I'm always suprised everyone changes from the 6x9 to a 6" component set. Have you ever thought about using Image Dynamics xs69 component set? They would give you so much more midbass compared to a 6" driver. I haven't seen a pair of these installed yet. Looking forward to more pics from a fellow Jeeper.


----------



## theoldguy (Nov 17, 2009)

knever3 said:


> I'm always suprised everyone changes from the 6x9 to a 6" component set.


there are lots of arguements as to why people do this. In fact, Im sure if you search around, you will find at least a hand full of threads here about it.


----------



## djmekanix (Dec 30, 2013)

knever3 said:


> I'm always suprised everyone changes from the 6x9 to a 6" component set. Have you ever thought about using Image Dynamics xs69 component set? They would give you so much more midbass compared to a 6" driver. I haven't seen a pair of these installed yet. Looking forward to more pics from a fellow Jeeper.



Hi knever3, I am unaware of anyplace in Calgary that sells ID, and I won't buy anything sight unheard. I did preview the morel tempo 6x9's and found they have quite good midbass, but found them a little muddy compared to the hybrid ovation II's. Thanks for your interest, pics coming soon!


----------



## knever3 (Mar 9, 2009)

theoldguy said:


> there are lots of arguements as to why people do this. In fact, Im sure if you search around, you will find at least a hand full of threads here about it.


Yep, searched and read many threads. Came to the same conclusion, it's an overlooked option that has many advantages that people aren't privy to.

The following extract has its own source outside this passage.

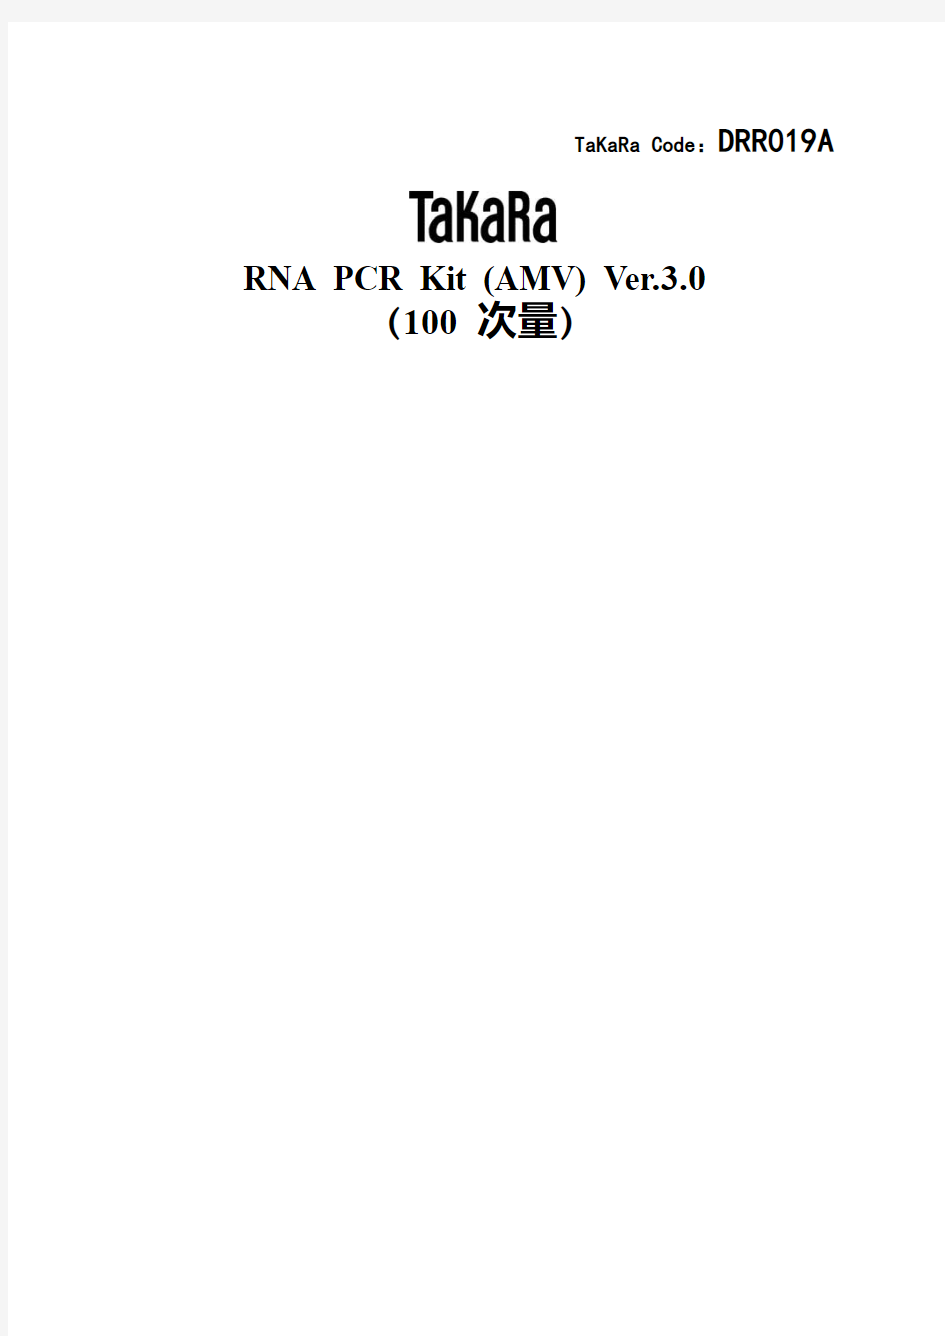 RNA PCR Kit (AMV) Ver.3.0

I have 6x9's in my '06 Grand Cherokee and love the nice impact they provide. I am not talking about a made for USAC competition car, just your everyday listener that loves quality and quantity midbass.


----------



## theoldguy (Nov 17, 2009)

knever3 said:


> Yep, searched and read many threads. Came to the same conclusion, it's an overlooked option that has many advantages that people aren't privy to.


midbass frequencies are easier to localize than sub bass. In the SQ world, you want the stage to appear to be in front of you. Easiest way to achieve this is to move all the speakers up front. This is why many people omit rear speakers.


----------



## sjr033 (Dec 30, 2011)

theoldguy said:


> midbass frequencies are easier to localize than sub bass. In the SQ world, you want the stage to appear to be in front of you. Easiest way to achieve this is to move all the speakers up front. This is why many people omit rear speakers.

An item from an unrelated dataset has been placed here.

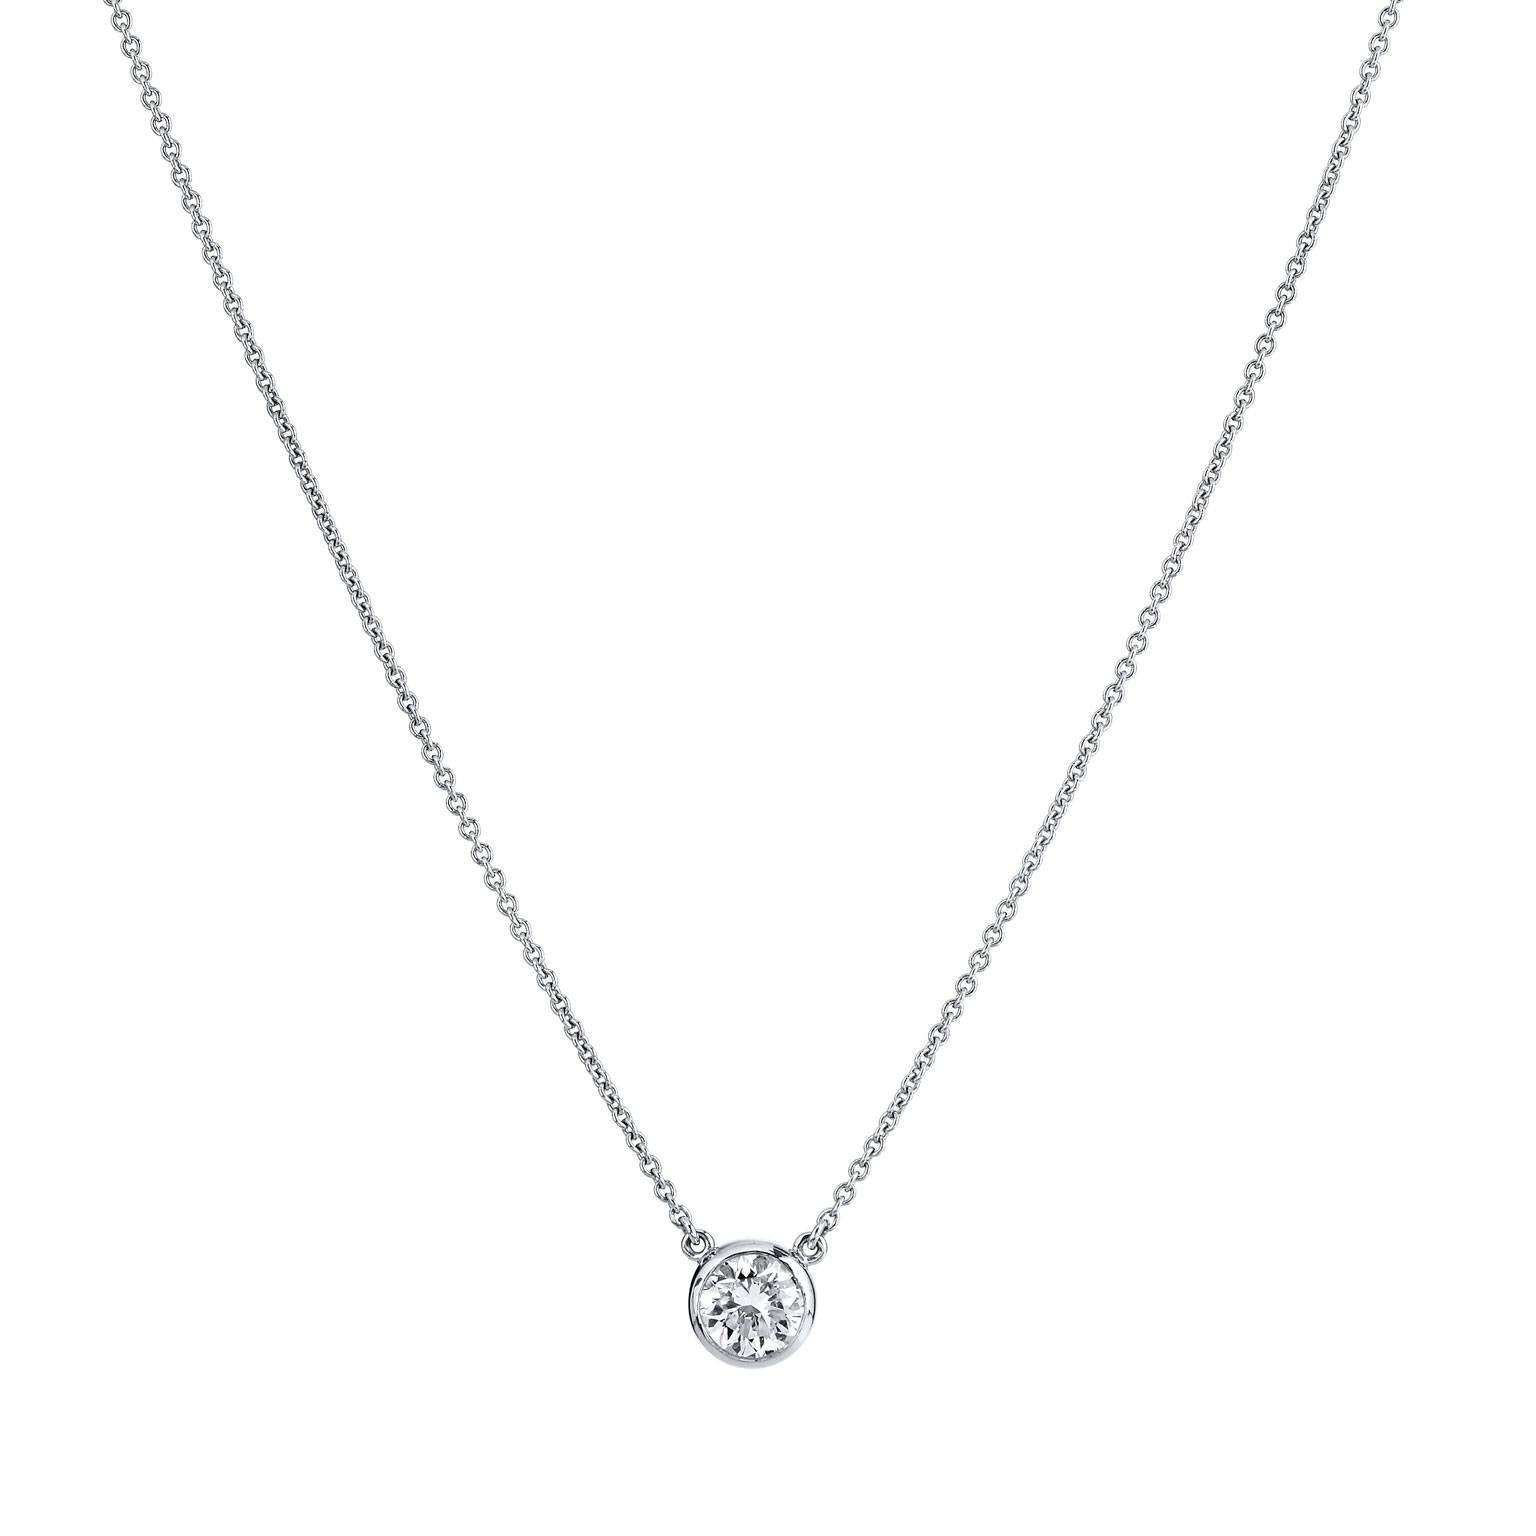 H & H Minimal 1.01 Carat Diamond Solitaire White Gold Pendant Necklace

What does this have to do with using a 6.5" in the front door instead of a 6x9 in the front door?


----------



## Coppertone (Oct 4, 2011)

^^^^. I think that he misinterpreted what was written.


----------



## theoldguy (Nov 17, 2009)

Oh my bad, I assumed we were talkign about rear speakers. I forgot some cars still get ovals in the front doors. In that case ill give this bit of info...

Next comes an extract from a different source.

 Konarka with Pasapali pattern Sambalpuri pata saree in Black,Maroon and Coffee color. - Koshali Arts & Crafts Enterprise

Sound waves are conical in shape. By using an oval speaker, you are distorting the sound right off the bat.


----------



## sjr033 (Dec 30, 2011)

theoldguy said:


> Sound waves are conical in shape. By using an oval speaker, you are distorting the sound right off the bat.


I thought we had disputed this over in the myth forum.


----------



## theoldguy (Nov 17, 2009)

im just trying to keep the tread active while we wait for some more pictures


----------



## sjr033 (Dec 30, 2011)

theoldguy said:


> im just trying to keep the tread active while we wait for some more pictures


Now that is a cause I can support.


----------



## theoldguy (Nov 17, 2009)

still waiting for pictures.....


----------



## djmekanix (Dec 30, 2013)

Here we go. Better late than never…










The signal starts with a Pioneer AVH 7500BT in the factory location. No mods needed. I also ended up getting the optional iPod cable as well.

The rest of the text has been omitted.